* [TASK TO CARRY OUT]:
Copy everything in the data below exactly except the pictures.

* [INFORMATION SUPPLIED]:
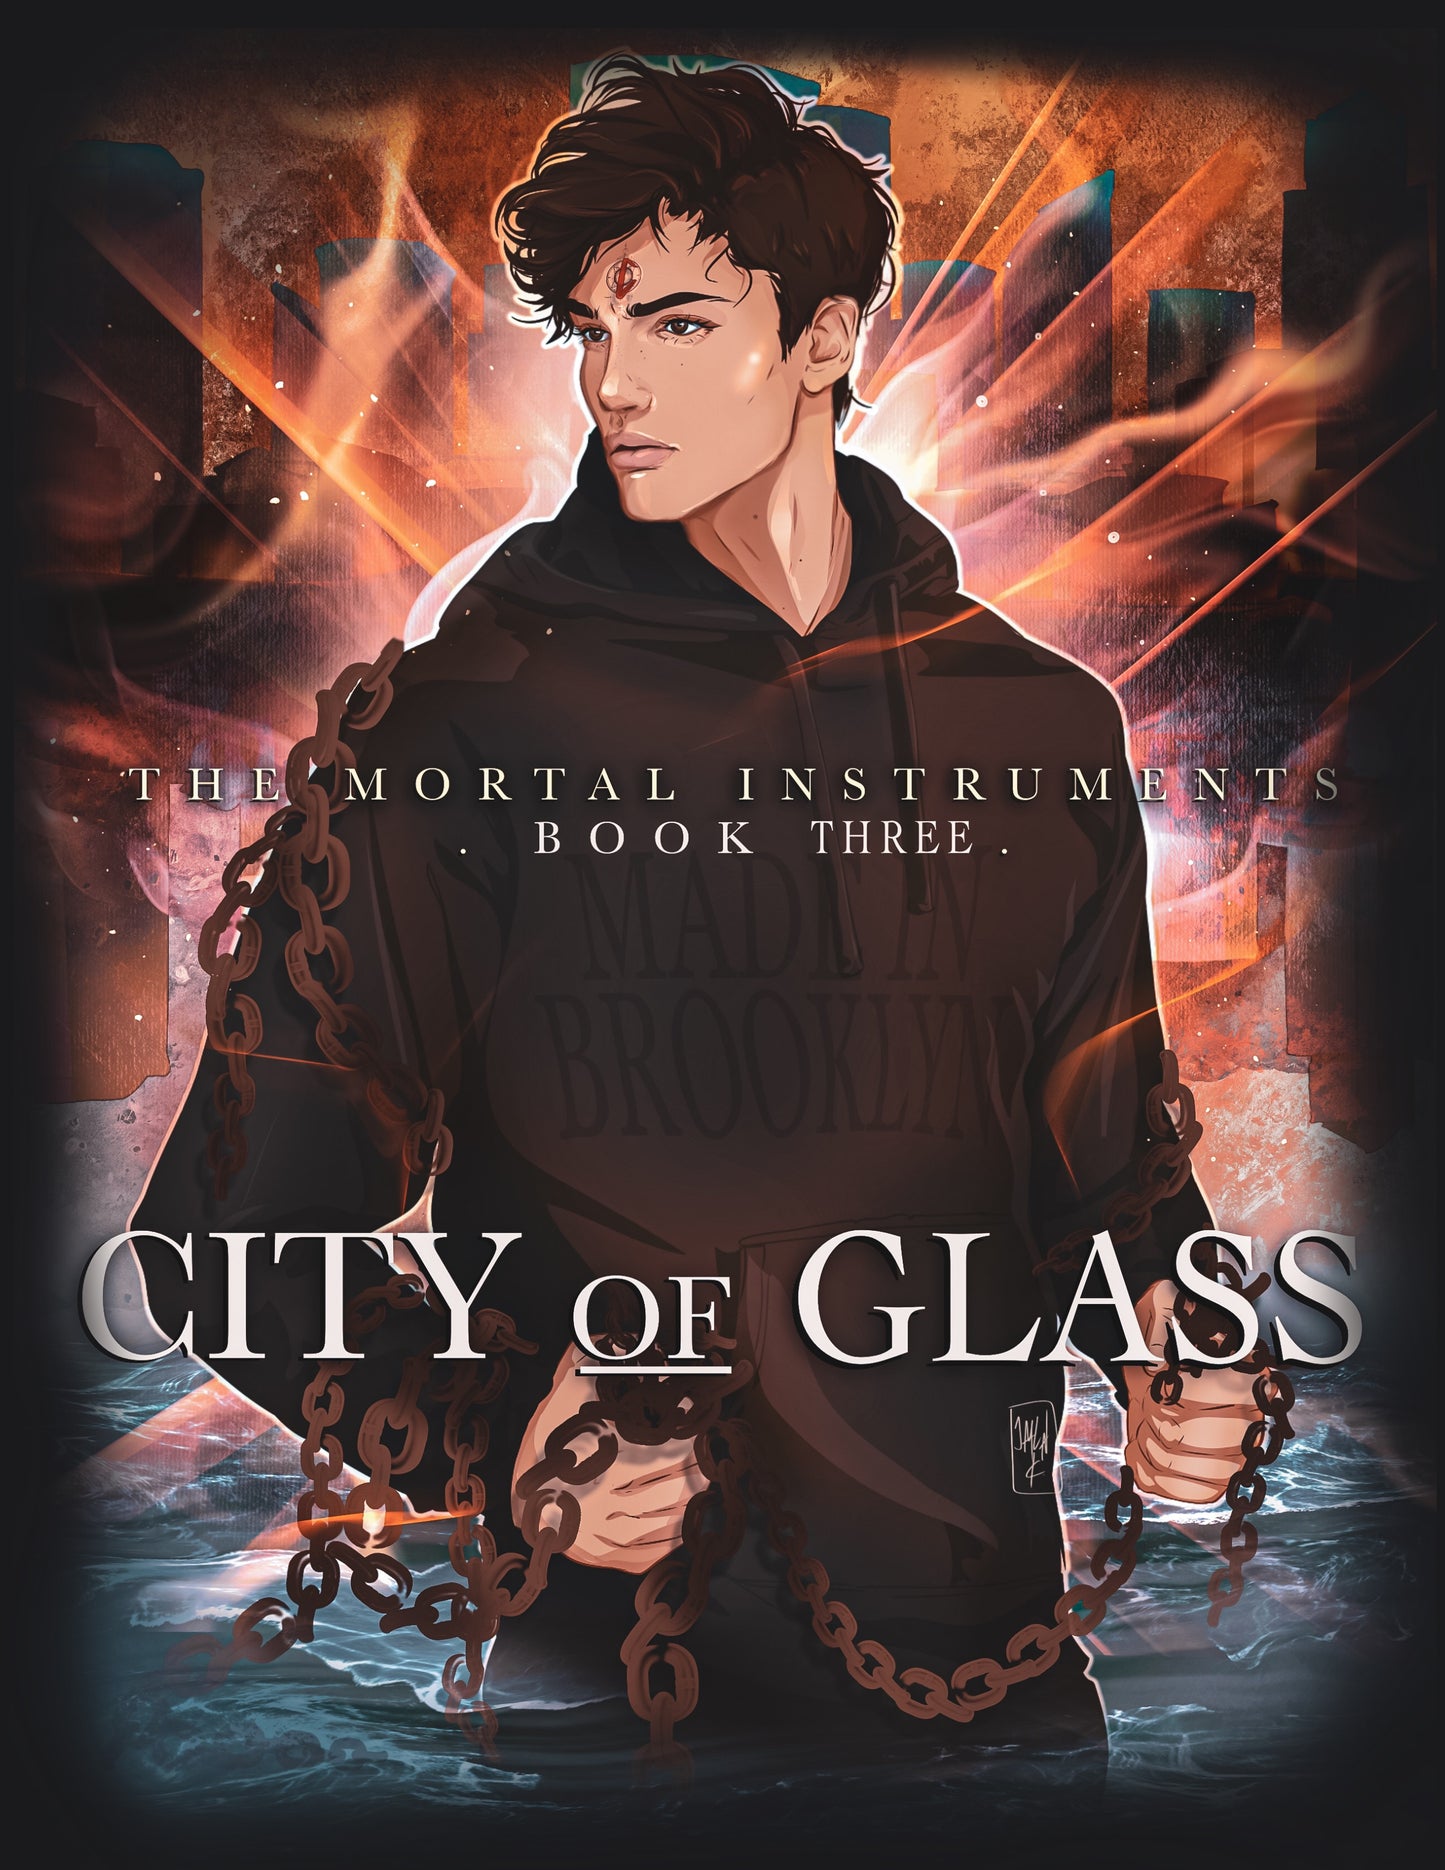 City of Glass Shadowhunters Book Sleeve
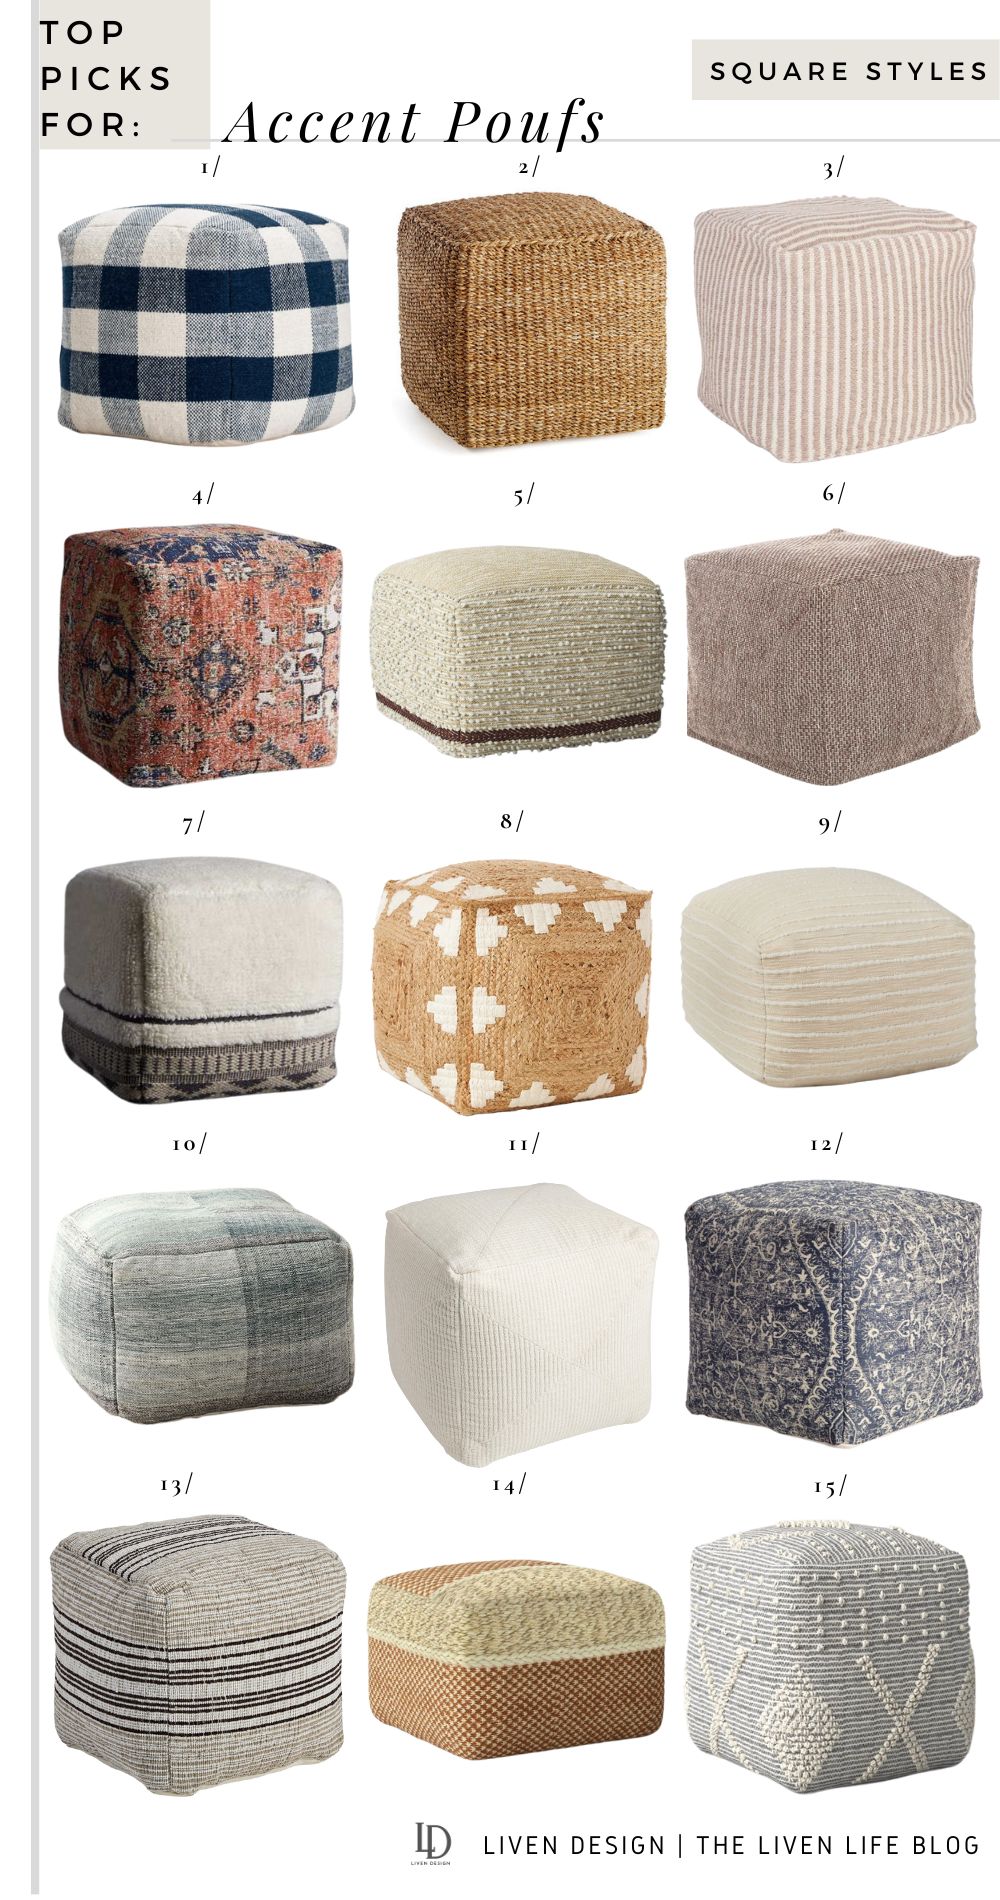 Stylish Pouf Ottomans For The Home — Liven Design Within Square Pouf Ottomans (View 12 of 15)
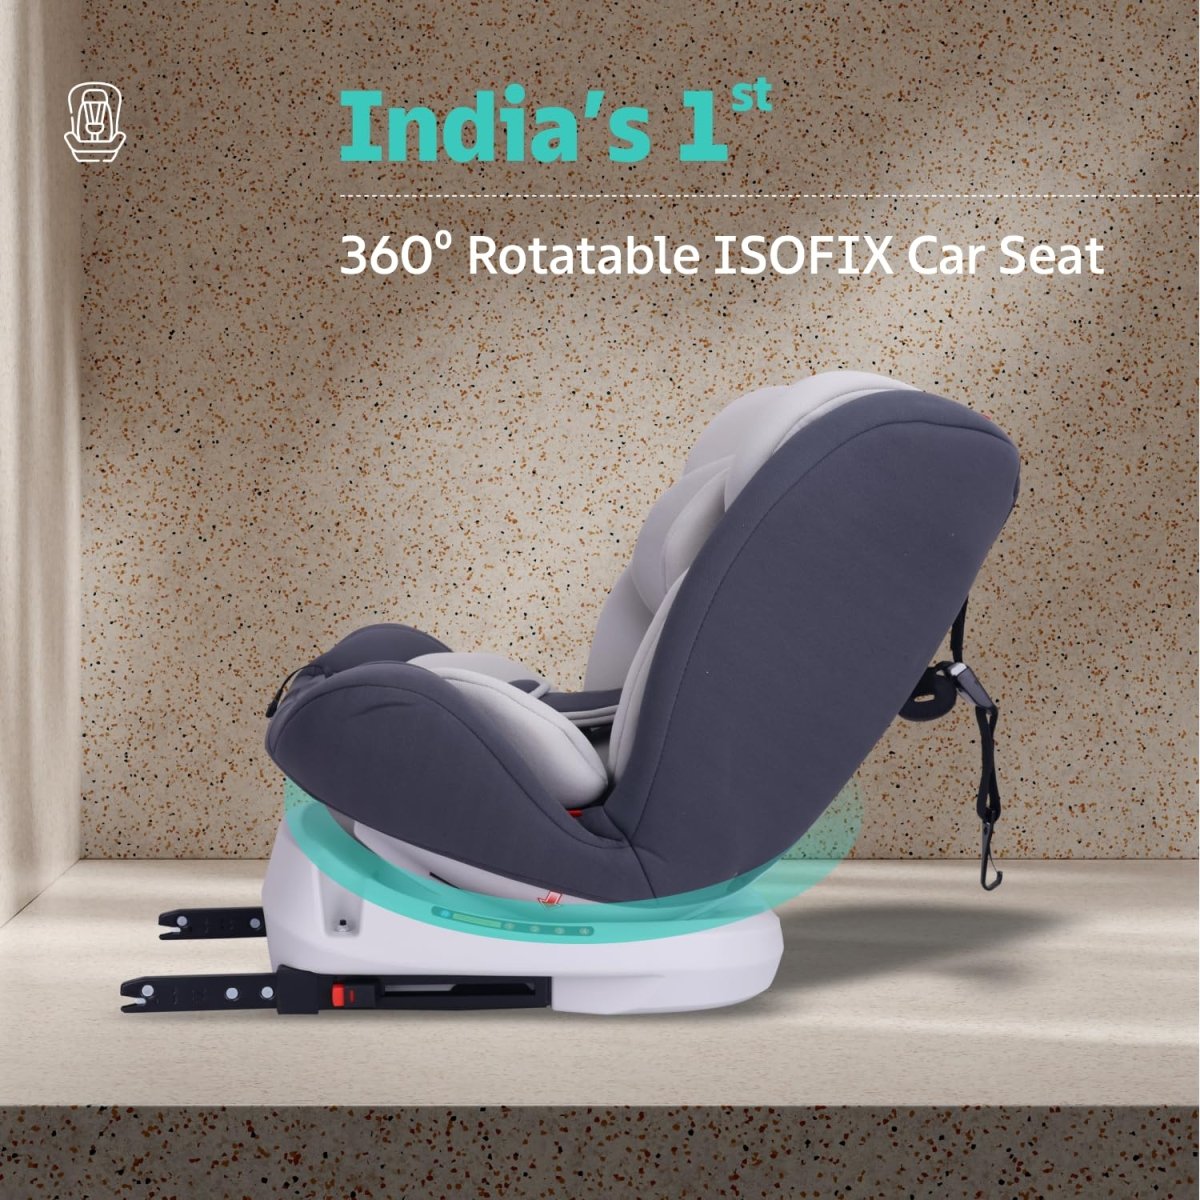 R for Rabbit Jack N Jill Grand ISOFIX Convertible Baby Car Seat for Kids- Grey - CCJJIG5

* [YOUR RESPONSE]:
 City of Glass Shadowhunters Book Sleeve
 Stylish Pouf Ottomans For The Home — Liven Design Within Square Pouf Ottomans (View 12 of 15)
 R for Rabbit Jack N Jill Grand ISOFIX Convertible Baby Car Seat for Kids- Grey - CCJJIG5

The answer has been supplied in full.